12. The non-transitory computer-readable medium of claim 8, wherein the instructions to process the input audio sequence to generate a source speaker embedding representing the source vocal identity of the speech audio further comprise:

generating, by an encoder model, the source speaker embedding representing the source vocal identity of the speech audio by processing a mel-spectrogram of the speech audio.

13. The non-transitory computer-readable medium of claim 8, further comprising:

obtaining the speech audio from the input audio sequence by extracting background noise and impulse response data from the input audio sequence.

14. The non-transitory computer-readable medium of claim 13, wherein the instructions to generate the final translated speech audio using the source speaker embedding, the translated content embedding, and the translated intonation data further comprise:

generating an output audio sequence by convolving the background noise and impulse response data from the input audio sequence with the final translated speech audio.

15. A system comprising:

a memory component; and

a processing device coupled to the memory component, the processing device to perform operations comprising:

receiving an input audio sequence, the input audio sequence including speech audio having a source vocal identity in a first language;

translating a first transcription of the speech audio to a second transcription of the speech audio in a second language;

generating, by a text-to-speech model, initial translated speech audio in the second language using the second transcription of the speech audio, the initial translated speech audio having a default vocal identity;

processing the initial translated speech audio to generate a translated content embedding and translated intonation data;

processing the input audio sequence to generate a source speaker embedding representing the source vocal identity of the speech audio; and

generating final translated speech audio using the source speaker embedding, the translated content embedding, and the translated intonation data, the final translated speech audio having the source vocal identity in the second language.

16. The system of claim 15, wherein the operations of translating the first transcription of the speech audio to the second transcription of the speech audio in the second language further comprise:

generating a first transcription of the speech audio by:

segmenting the speech audio into a plurality of source segments;

generating a translation for each source segment of the plurality of source segments; and

storing timestamps for each source segment of the plurality of source segments with a corresponding generated translation.

17. The system of claim 16, wherein the operations of generating the initial translated speech audio in the second language using the second transcription of the speech audio further comprise:

generating translated segments for each of the plurality of translated segments; and

modifying a speaking rate for each of the translated segments based on the timestamps for a corresponding source segment.
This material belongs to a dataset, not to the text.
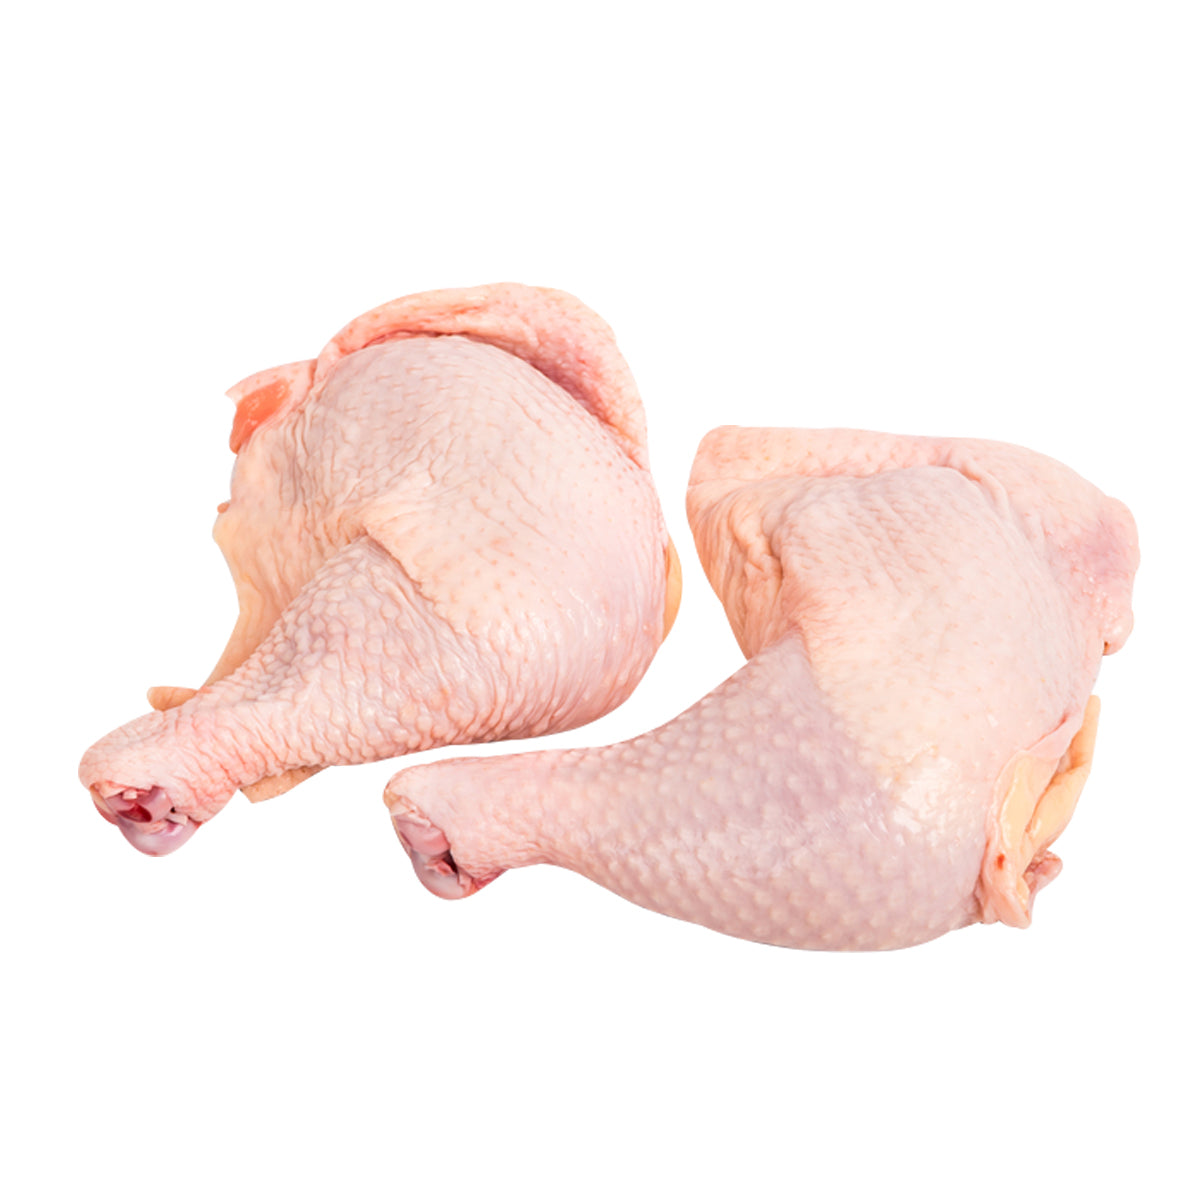 Joyce Farms Air-Chilled Poulet Rouge Skin On Chicken Legs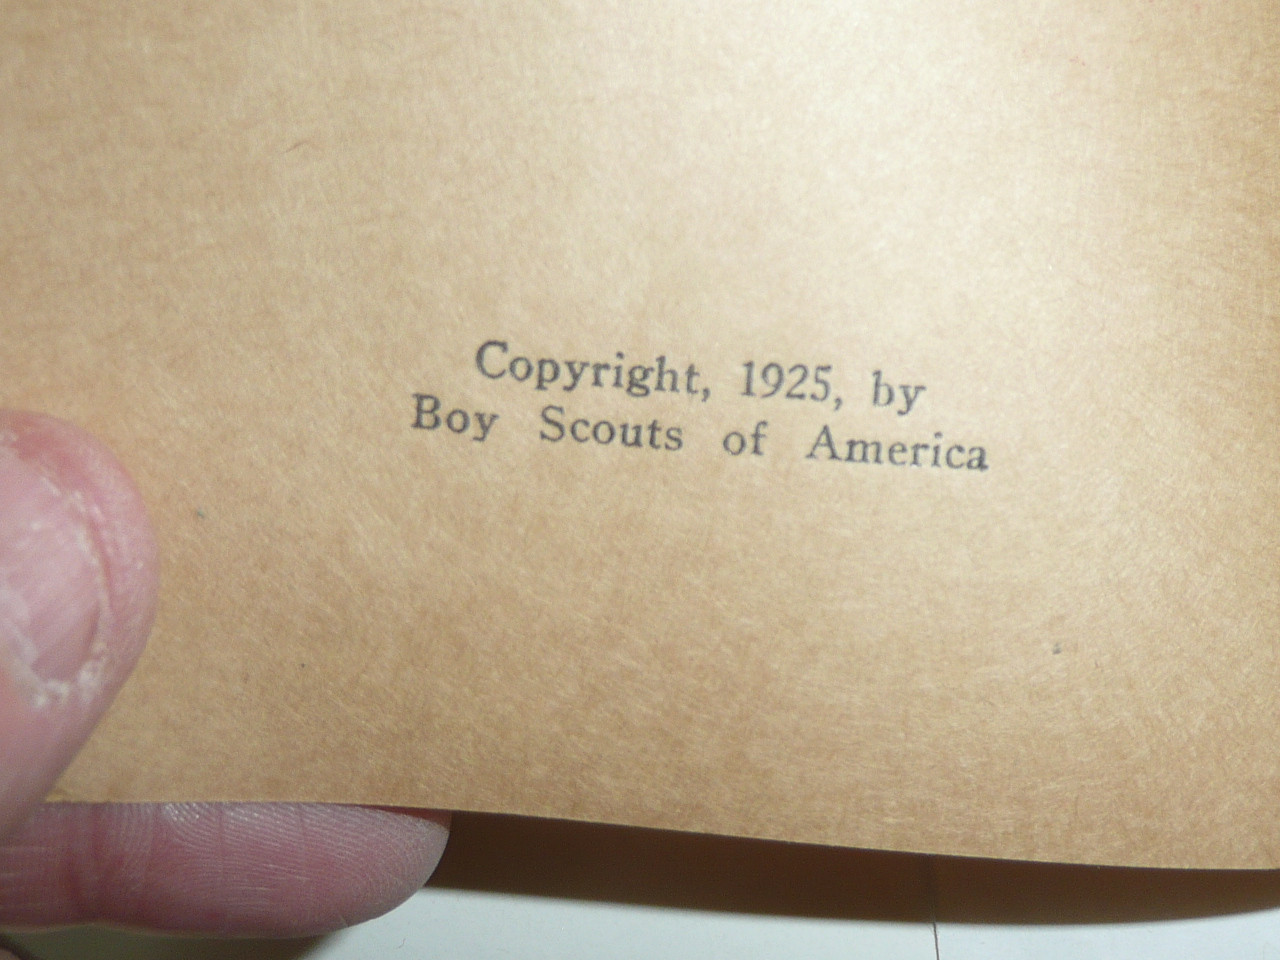 Physical Development Merit Badge Pamphlet, Type 3, Tan Cover, 1925 Printing, Mint condition

18. The system of claim 15, wherein the operations of processing the initial translated speech audio to generate a translated content embedding and translated intonation data further comprise:

generating, by an encoder model, the translated content embedding representing speech content of the initial translated speech audio; and

generating, by a pitch detector, the translated intonation data.

19. The system of claim 17, wherein the operations of processing process the input audio sequence to generate a source speaker embedding representing the source vocal identity of the speech audio further comprise:

generating, by an encoder model, the source speaker embedding representing the source vocal identity of the speech audio by processing a mel-spectrogram of the speech audio.

20. The system of claim 15, wherein the operations of generating the final translated speech audio using the source speaker embedding, the translated content embedding, and the translated intonation further comprise:

extracting background noise and impulse response data from the input audio sequence; and

generating an output audio sequence by convolving the background noise and impulse response data from the input audio sequence with the final translated speech audio.